With a price-to-earnings (or "P/E") ratio of 24.6x PPG Industries, Inc. (NYSE:PPG) may be sending bearish signals at the moment, given that almost half of all companies in the United States have P/E ratios under 16x and even P/E's lower than 9x are not unusual. Although, it's not wise to just take the P/E at face value as there may be an explanation why it's as high as it is.
PPG Industries certainly has been doing a good job lately as it's been growing earnings more than most other companies. It seems that many are expecting the strong earnings performance to persist, which has raised the P/E. If not, then existing shareholders might be a little nervous about the viability of the share price.
See our latest analysis for PPG Industries
Want the full picture on analyst estimates for the company? Then our free report on PPG Industries will help you uncover what's on the horizon.Is There Enough Growth For PPG Industries?
There's an inherent assumption that a company should outperform the market for P/E ratios like PPG Industries' to be considered reasonable.
If we review the last year of earnings growth, the company posted a terrific increase of 34%. Pleasingly, EPS has also lifted 32% in aggregate from three years ago, thanks to the last 12 months of growth.
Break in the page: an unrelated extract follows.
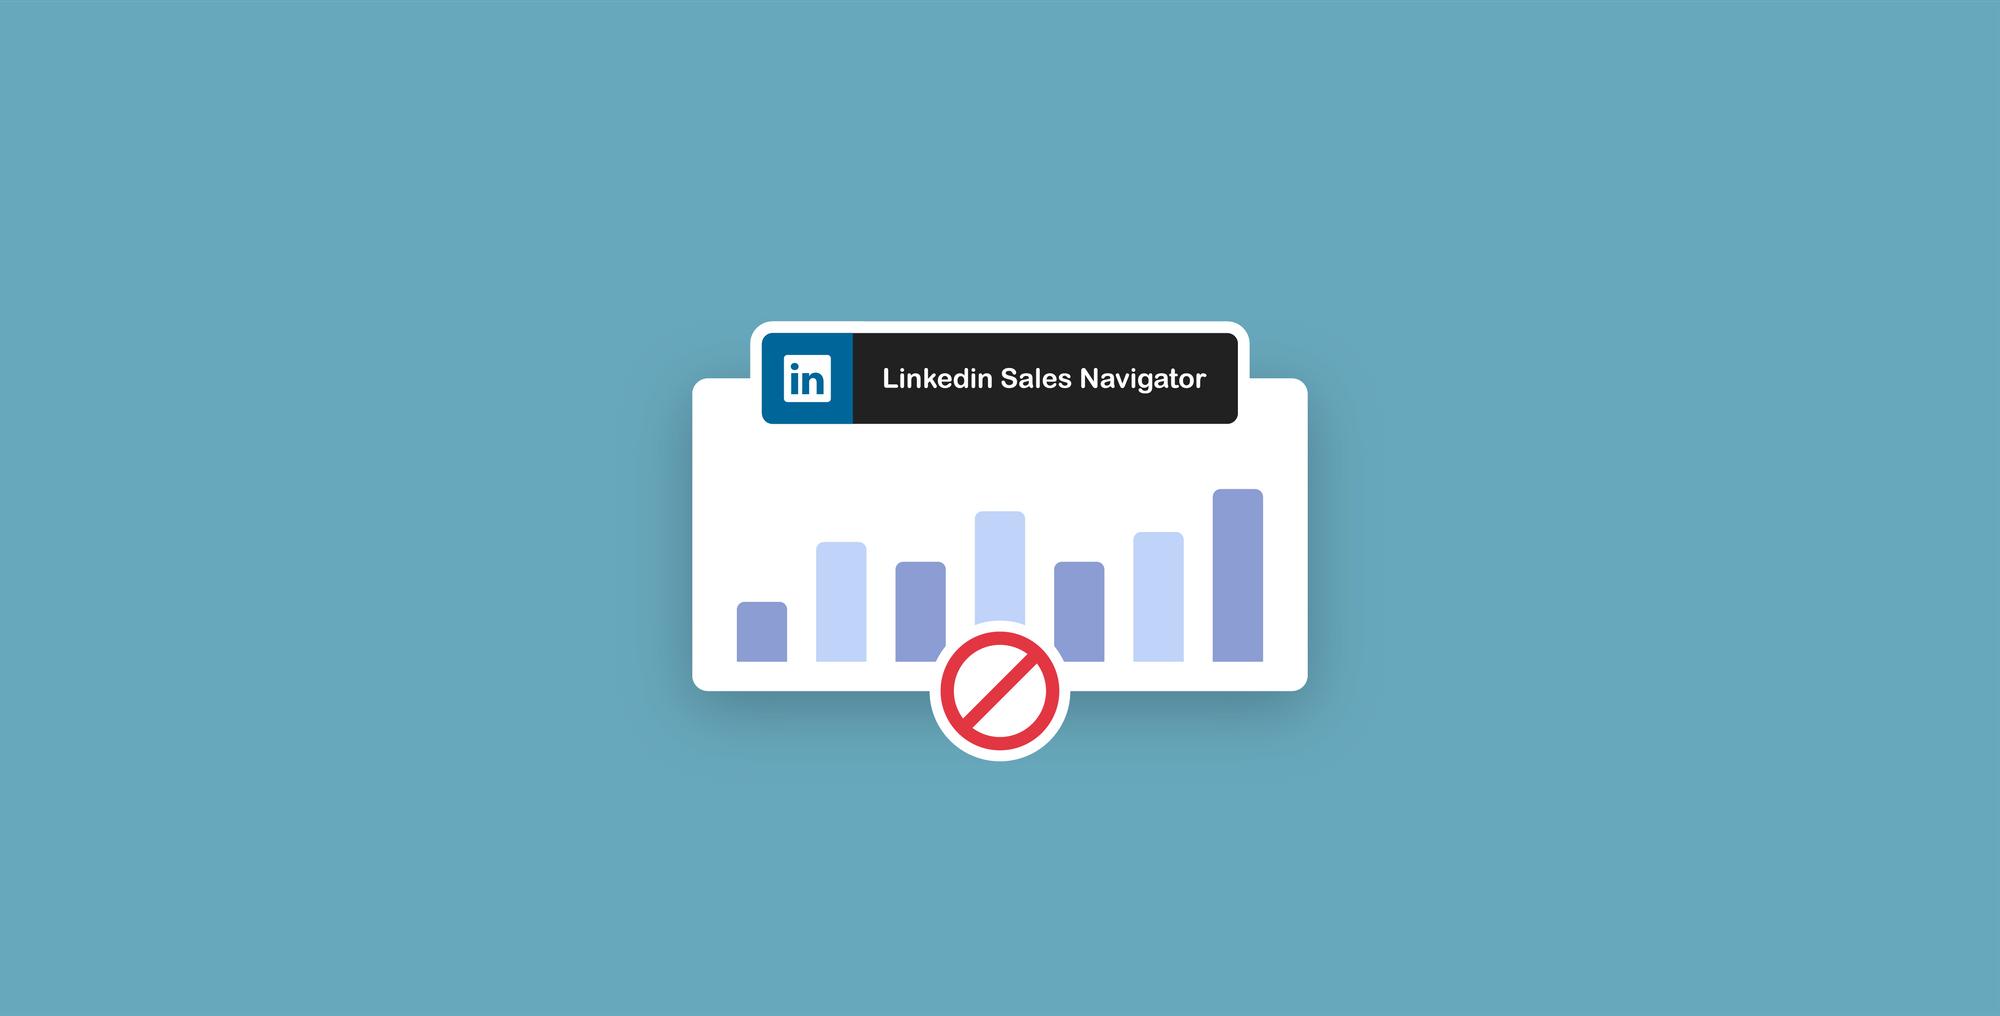 Can Proxycurl scrape Linkedin's Sales Navigator Links

Accordingly, shareholders would have probably welcomed those medium-term rates of earnings growth.
Shifting to the future, estimates from the analysts covering the company suggest earnings should grow by 15% per annum over the next three years. With the market only predicted to deliver 13% per annum, the company is positioned for a stronger earnings result.
In light of this, it's understandable that PPG Industries' P/E sits above the majority of other companies. It seems most investors are expecting this strong future growth and are willing to pay more for the stock.
What We Can Learn From PPG Industries' P/E?
Generally, our preference is to limit the use of the price-to-earnings ratio to establishing what the market thinks about the overall health of a company.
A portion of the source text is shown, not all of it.